Provided data ▸
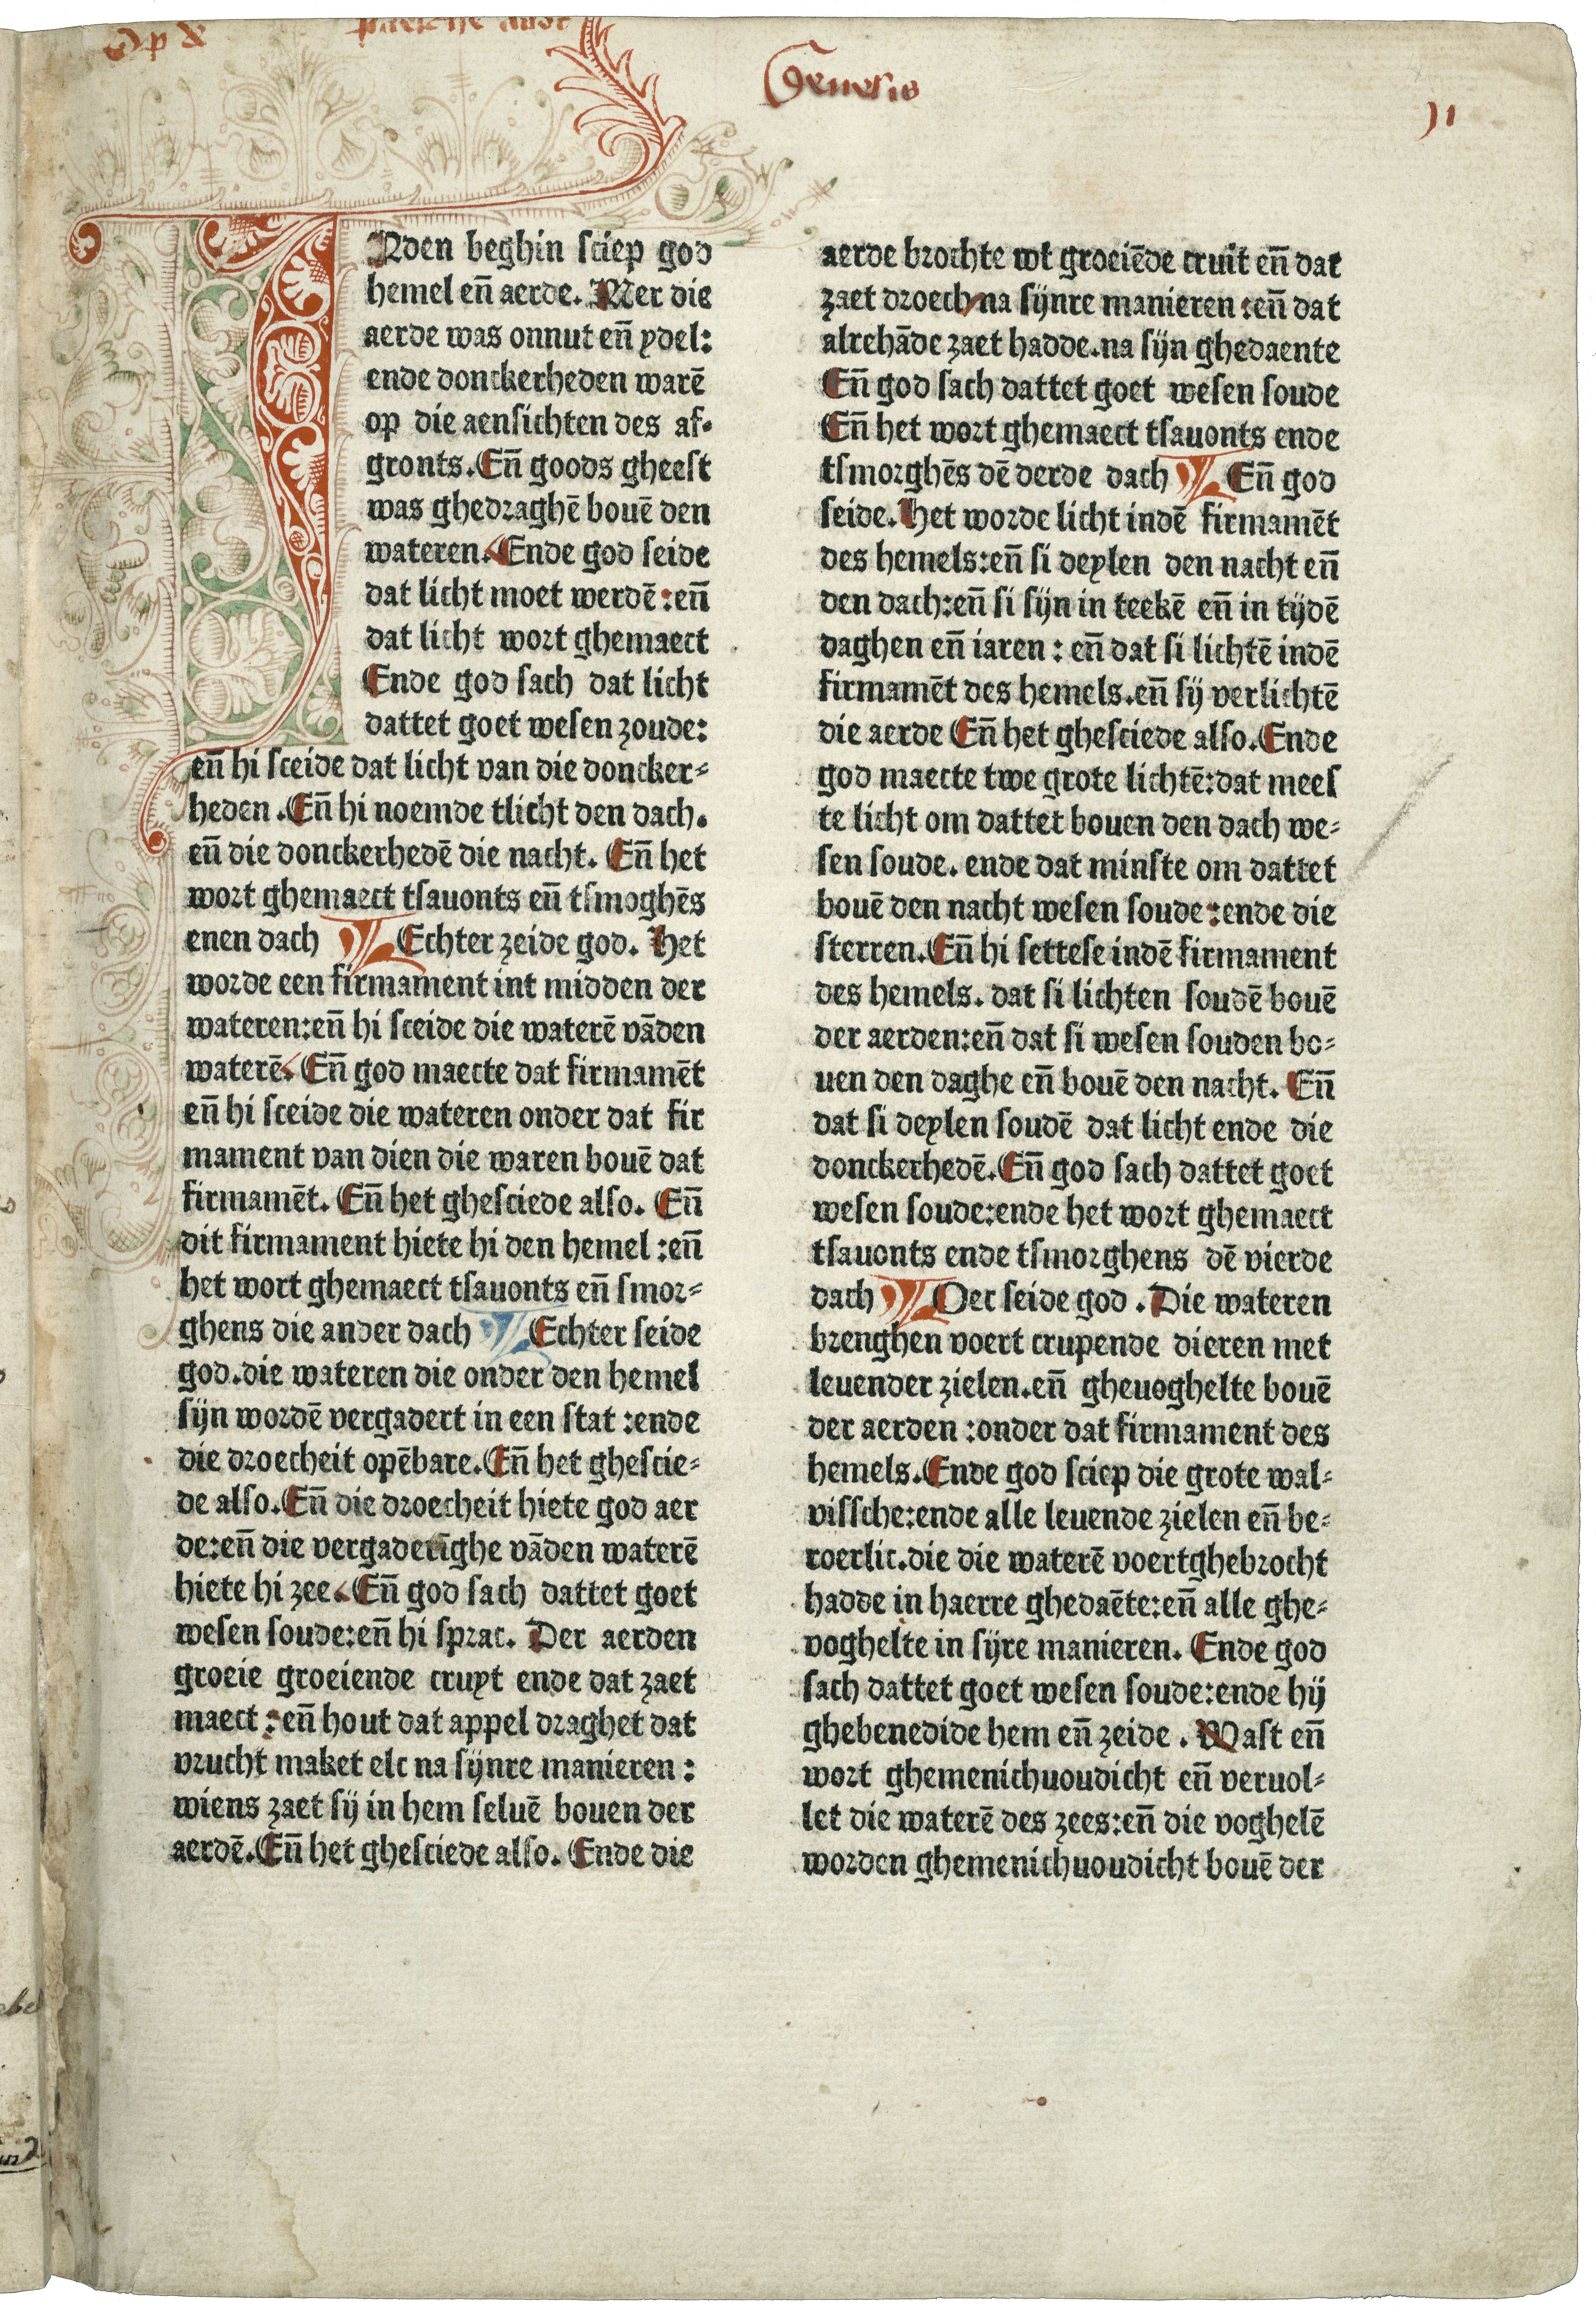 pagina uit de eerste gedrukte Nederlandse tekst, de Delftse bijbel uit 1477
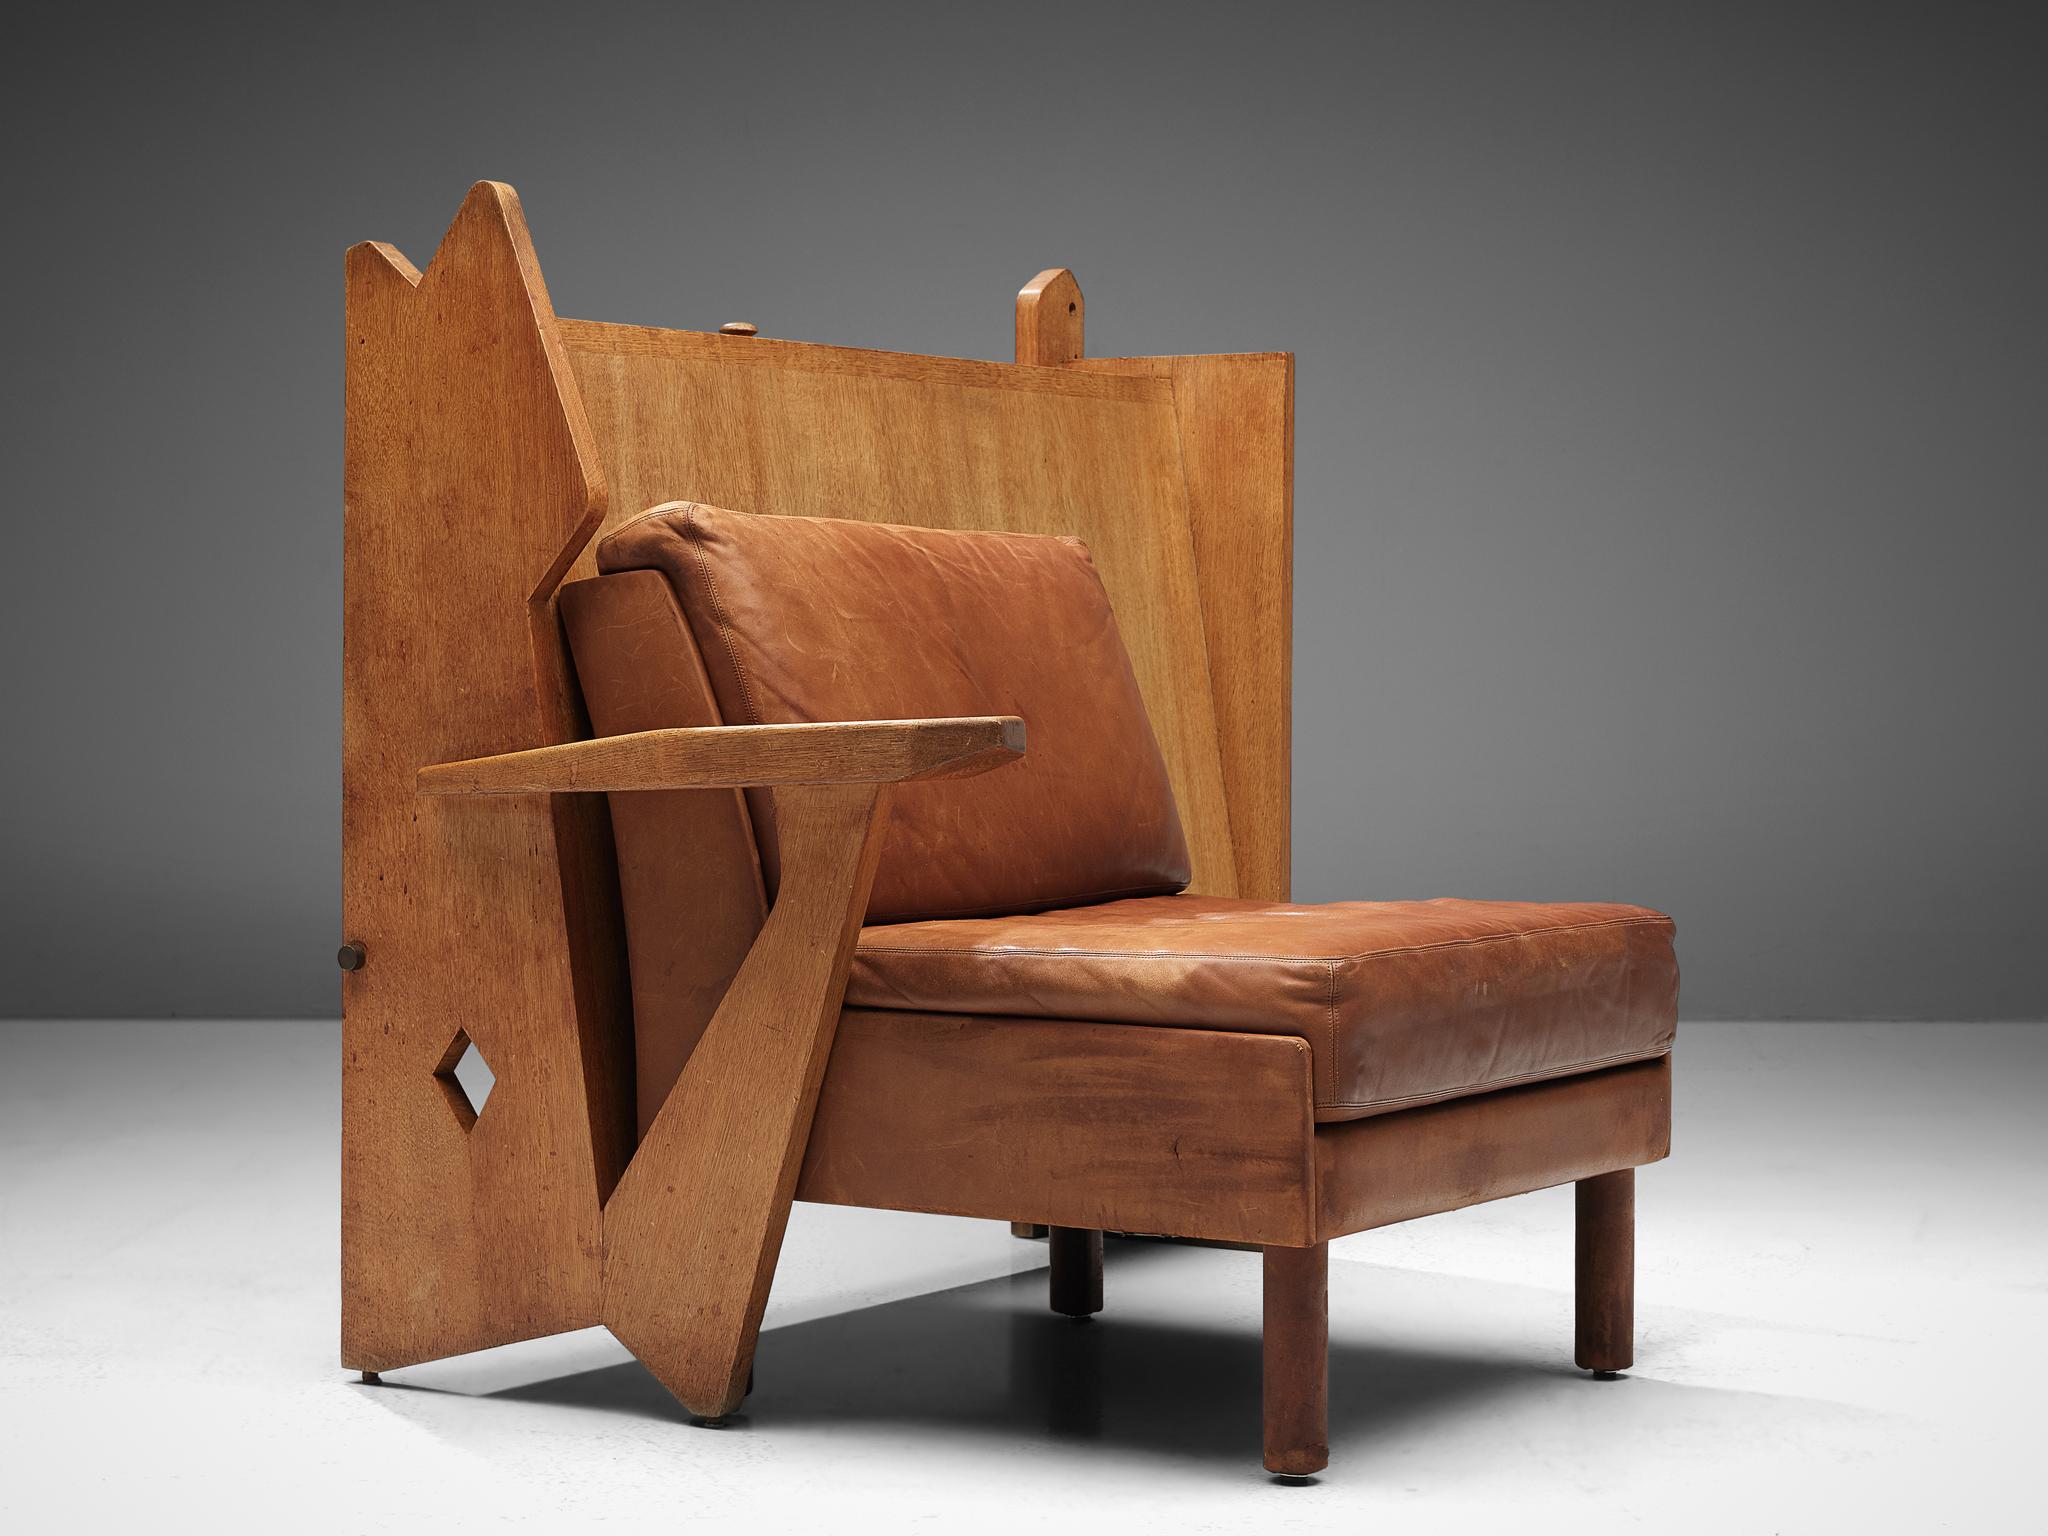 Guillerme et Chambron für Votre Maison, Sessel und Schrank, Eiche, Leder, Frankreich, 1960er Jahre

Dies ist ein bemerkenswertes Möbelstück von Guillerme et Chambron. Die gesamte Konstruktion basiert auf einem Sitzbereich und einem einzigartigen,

Work task ▸
Each line from the one that holds "Guillerme et Chambron für" through the end of the material should be repeated exactly, and nothing more. Leave out any picture.

Response for this exercise ▸
 Guillerme et Chambron für Votre Maison, Sessel und Schrank, Eiche, Leder, Frankreich, 1960er Jahre

Dies ist ein bemerkenswertes Möbelstück von Guillerme et Chambron. Die gesamte Konstruktion basiert auf einem Sitzbereich und einem einzigartigen,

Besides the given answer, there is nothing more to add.